REQUIRED ACTION
Once you reach the line with "cross-processed image of" below, copy each line exactly, stopping after the line with "Crispin: At the", and skip any pictures.

SUPPLIED DATA
==========

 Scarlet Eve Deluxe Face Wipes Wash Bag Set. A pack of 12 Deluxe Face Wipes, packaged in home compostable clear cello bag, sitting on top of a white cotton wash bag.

==========

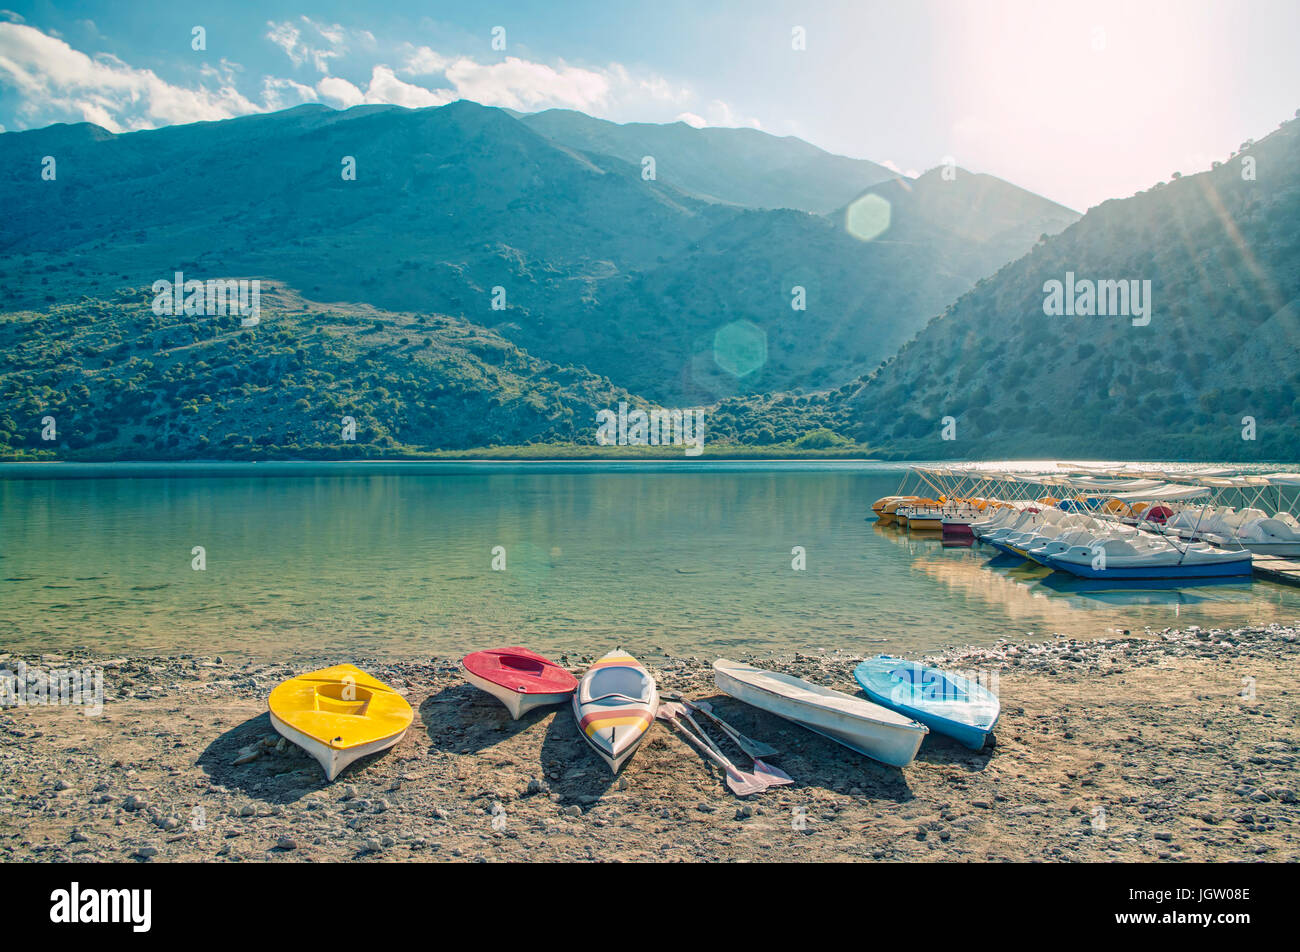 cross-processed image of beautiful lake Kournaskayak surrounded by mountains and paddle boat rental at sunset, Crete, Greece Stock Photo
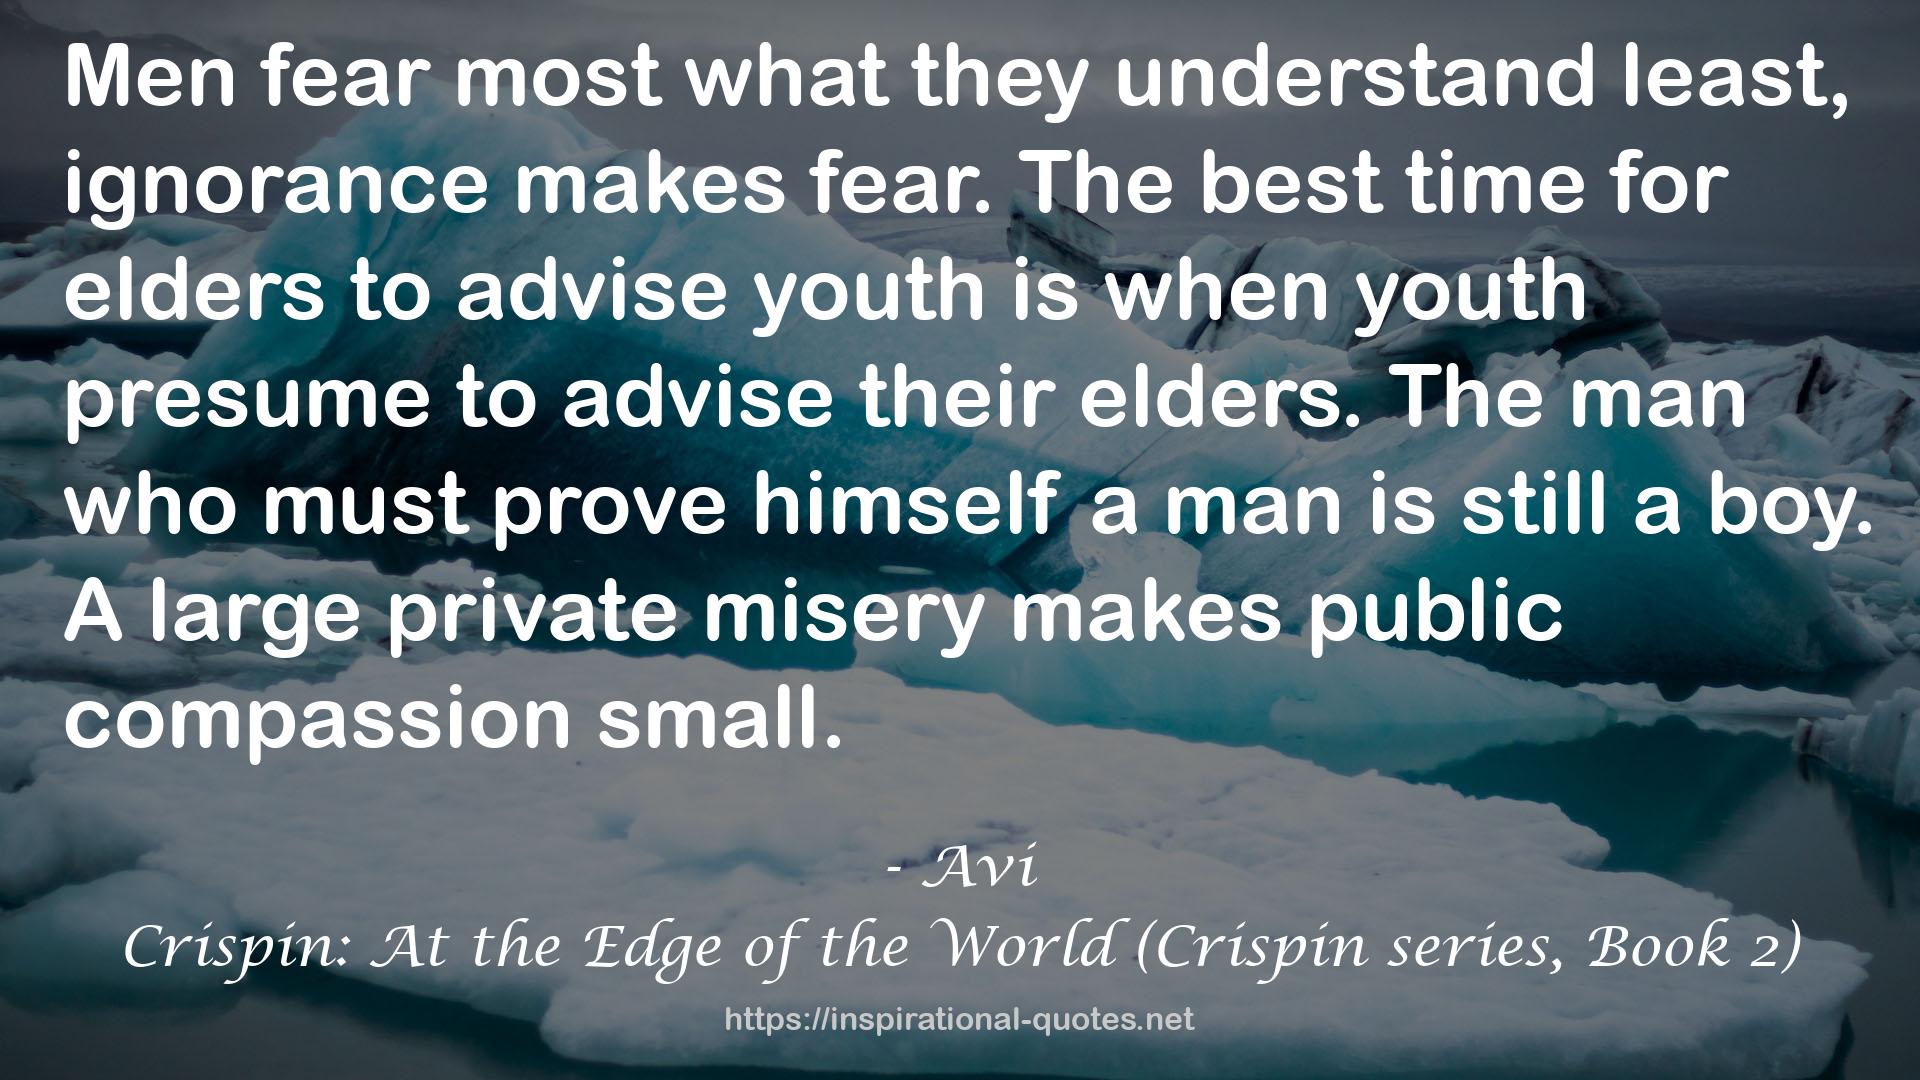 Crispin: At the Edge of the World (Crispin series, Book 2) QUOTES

==========

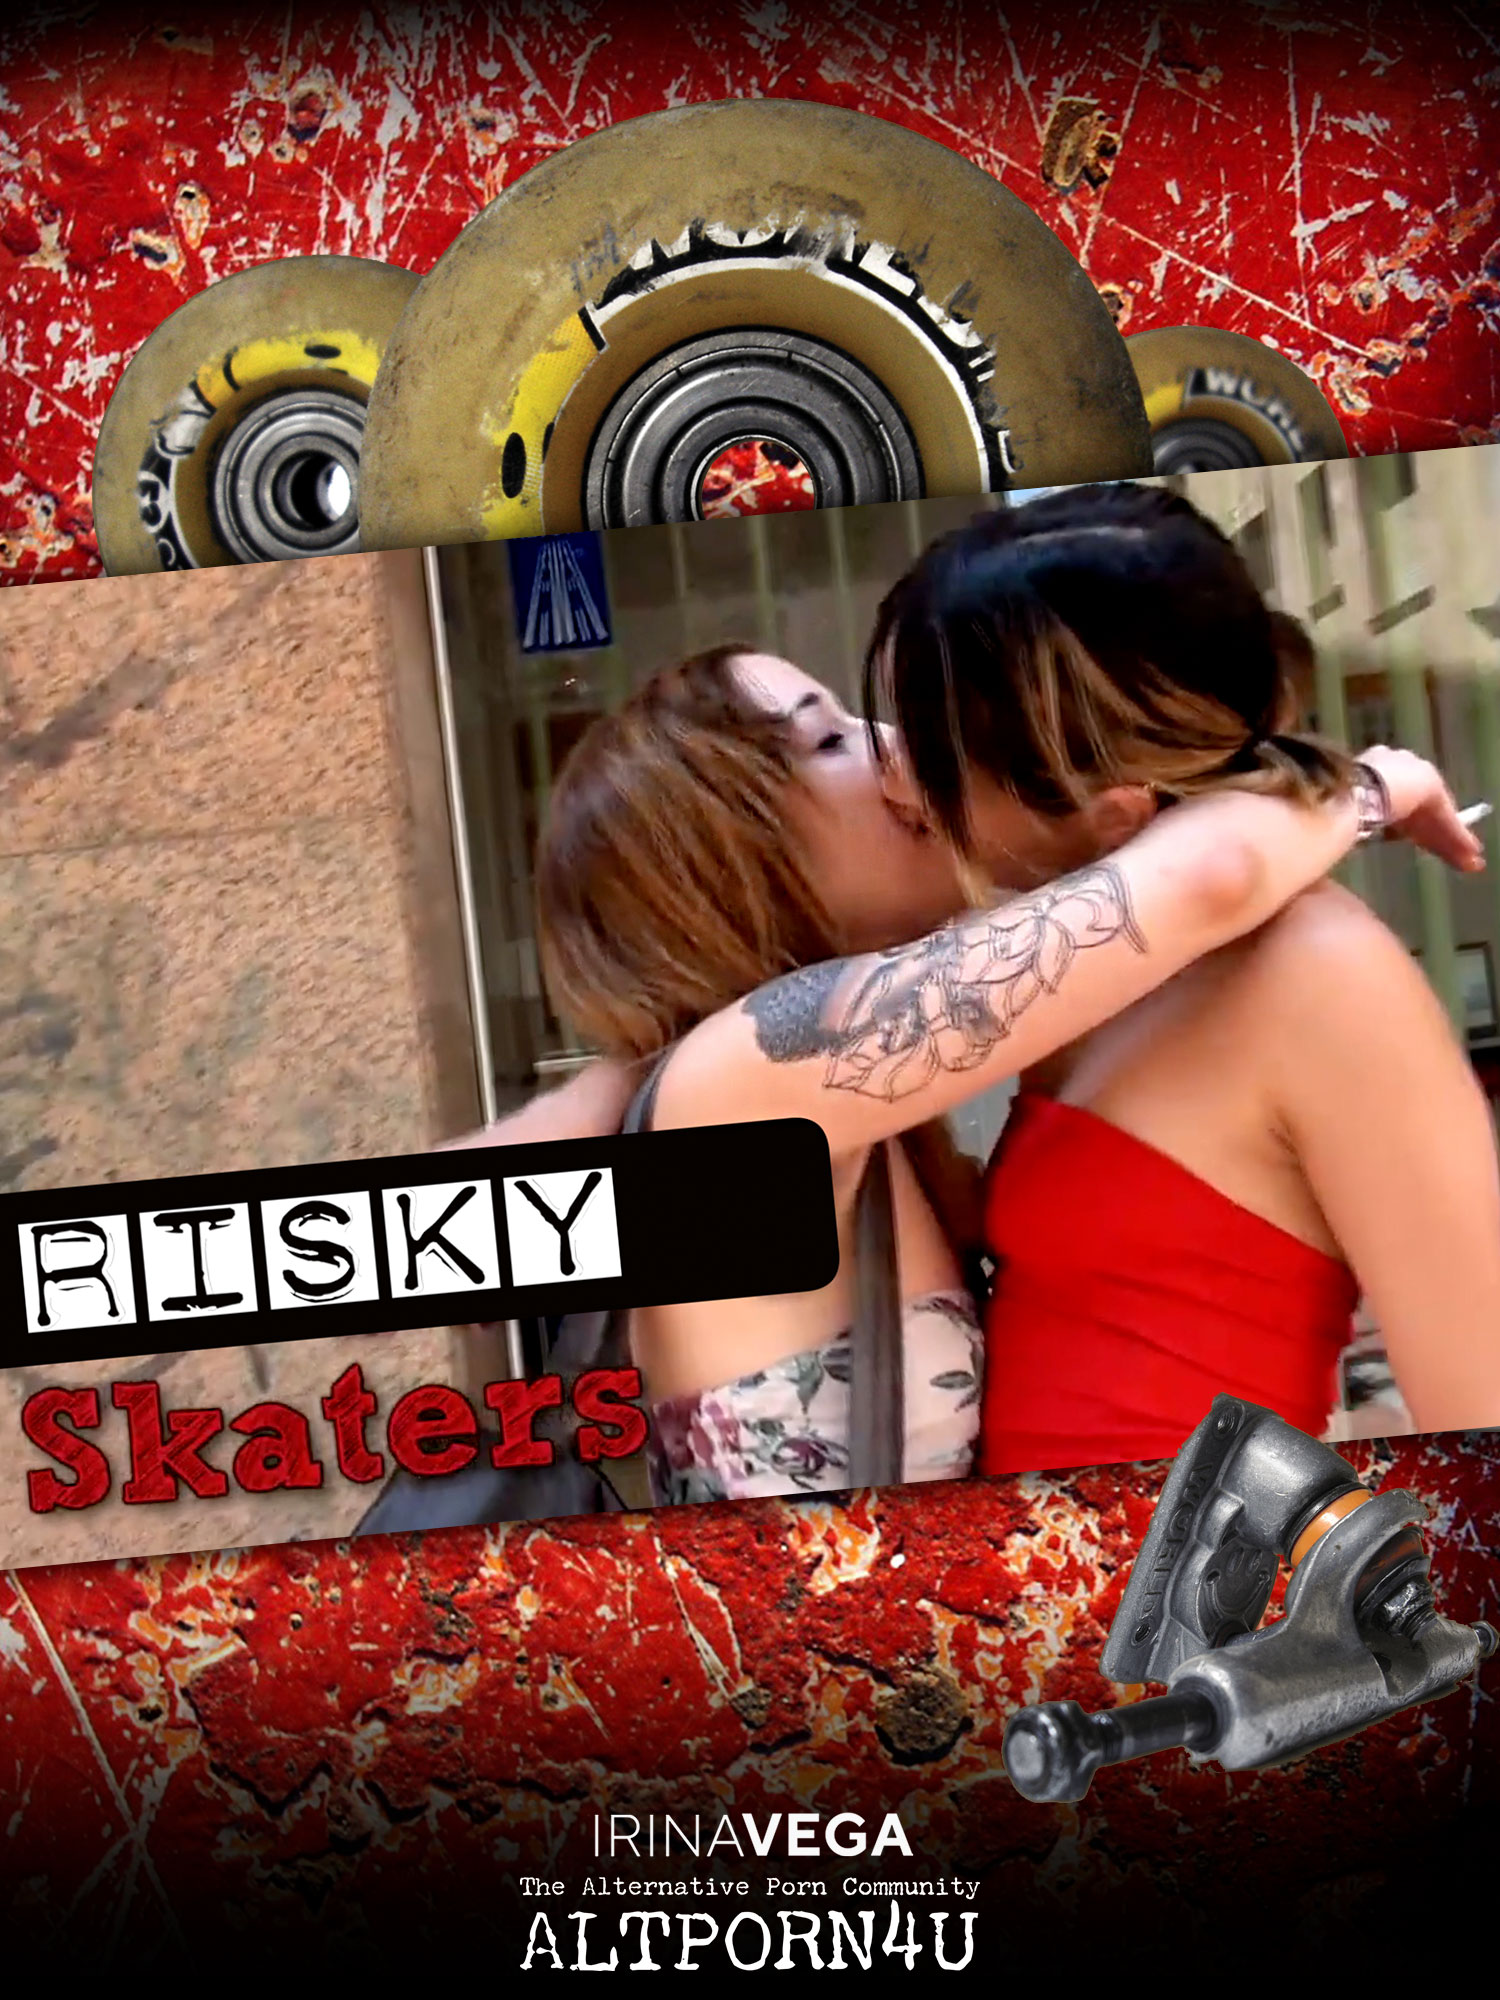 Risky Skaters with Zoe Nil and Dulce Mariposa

==========

ANSWER SECTION
 cross-processed image of beautiful lake Kournaskayak surrounded by mountains and paddle boat rental at sunset, Crete, Greece Stock Photo
 Crispin: At the Edge of the World (Crispin series, Book 2) QUOTES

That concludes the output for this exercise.